Debra Palmer appeals the dismissal of her counterclaim against Prince I. Jenkins in which she alleged that Jenkins violated the Washington Law Against Discrimination, chapter 49.60 RCW (WLAD). The trial court ruled that the WLAD does not apply to the situation where a co-worker, acting on his own behalf, harasses, threatens, or makes sexual advances toward another worker. We agree that the WLAD, even when liberally construed to effectuate its broad purposes, does not cover this situation. Thus, we affirm.

FACTS

Palmer and Jenkins were co-workers at the Washington Corrections Center (WCC) in Shelton, Washington. Jenkins sued Palmer to recover funds he gave her as part of an investment agreement. Palmer then filed a counterclaim in which she alleged sexual harassment and discrimination.

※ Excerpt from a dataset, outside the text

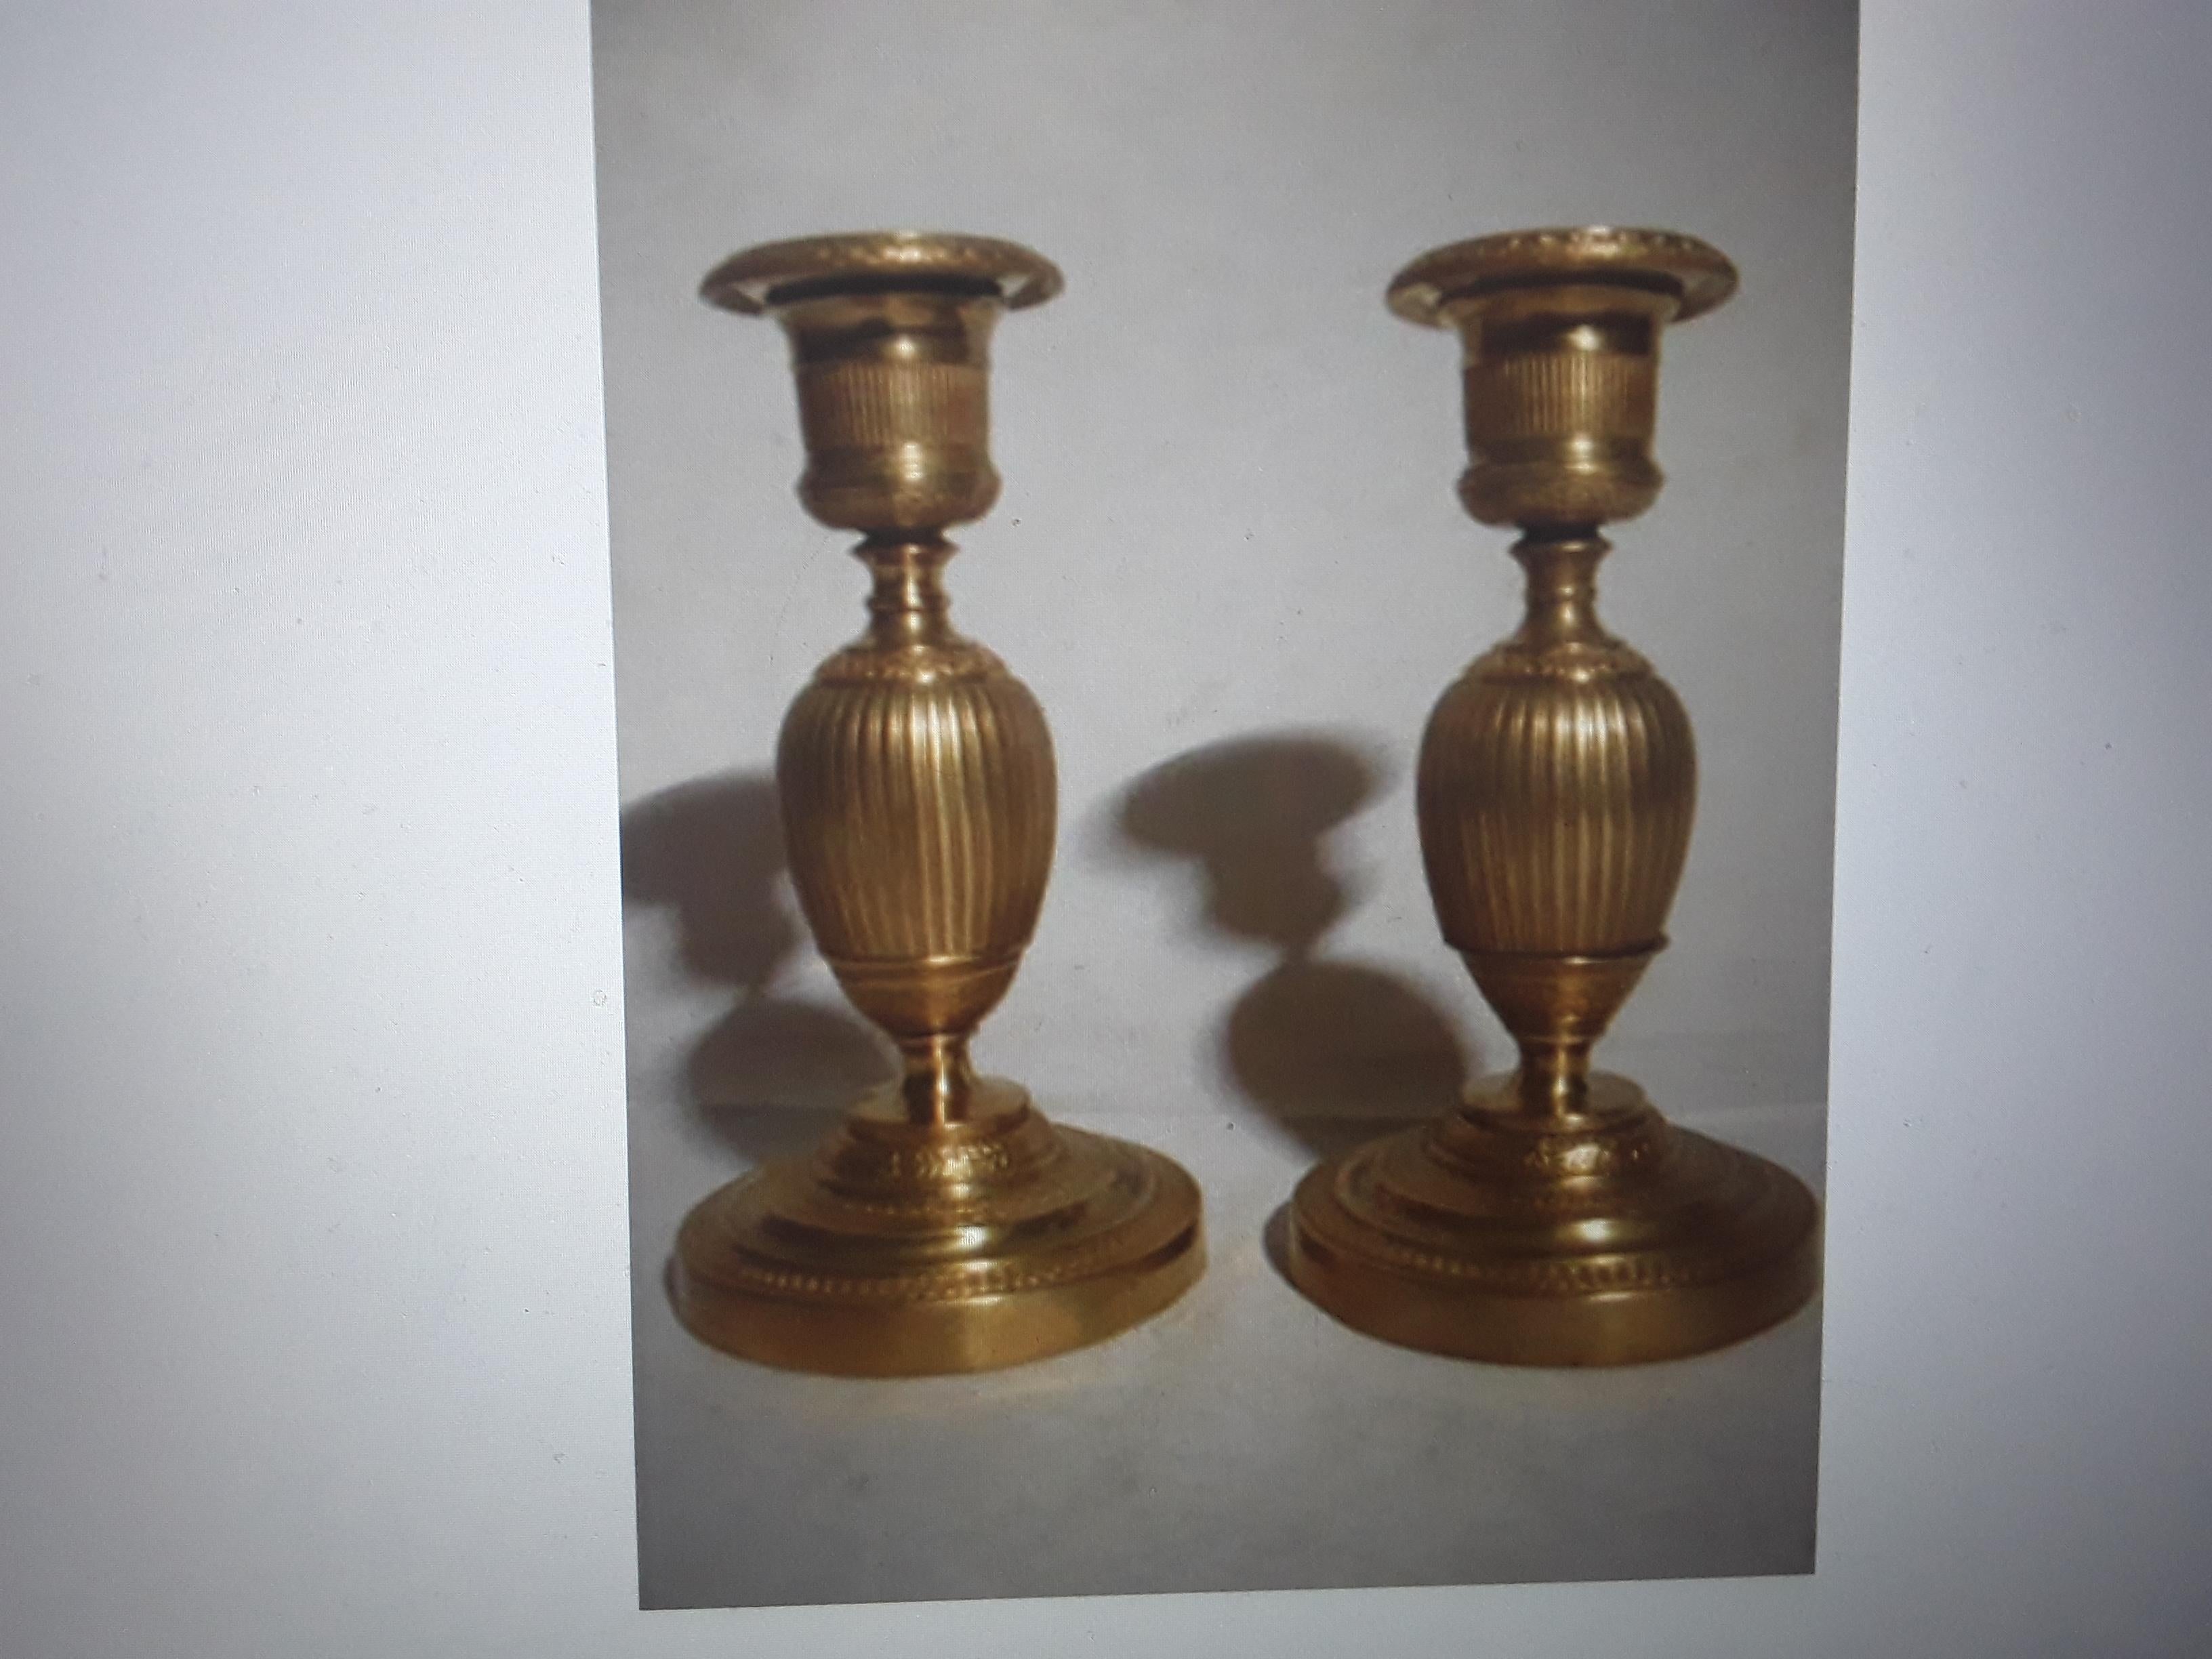 Pair c1810 French Empire Gilt Bronze Ovoid Form Candle Holders/ Candlesticks. Highly detailed antiquity.

Palmer claimed that Jenkins filed his lawsuit in retaliation for her report of his sexually discriminatory behaviors, which she alleged led to the loss of his job. She described the behaviors as (1) harassing her by calling her on the phone, (2) making sexual advances toward her, (3) telling other co-workers to stay away from her because she was his property, (4) telling her that associating with other coworkers would make her “nothing but a slut” and that women should be slapped around and have sense knocked into them, (5) threatening to kill her with the rifle he kept in his guard tower, (6) threatening to flatten her car tires, (7) mentioning that he carried a gun in his car and that he was not afraid to use it on her, (8) phoning her in her guard tower after she told him that she wanted him to leave her alone, (9) approaching her in the WCC’s smoking gazebo and threatening a co-worker who refused to leave, and (10) calling her house and hanging up. Clerk’s Papers (CP) at 42. Palmer alleged that Jenkins’s behavior affected her ability to do her job and that she feared for her safety and suffered great emotional distress.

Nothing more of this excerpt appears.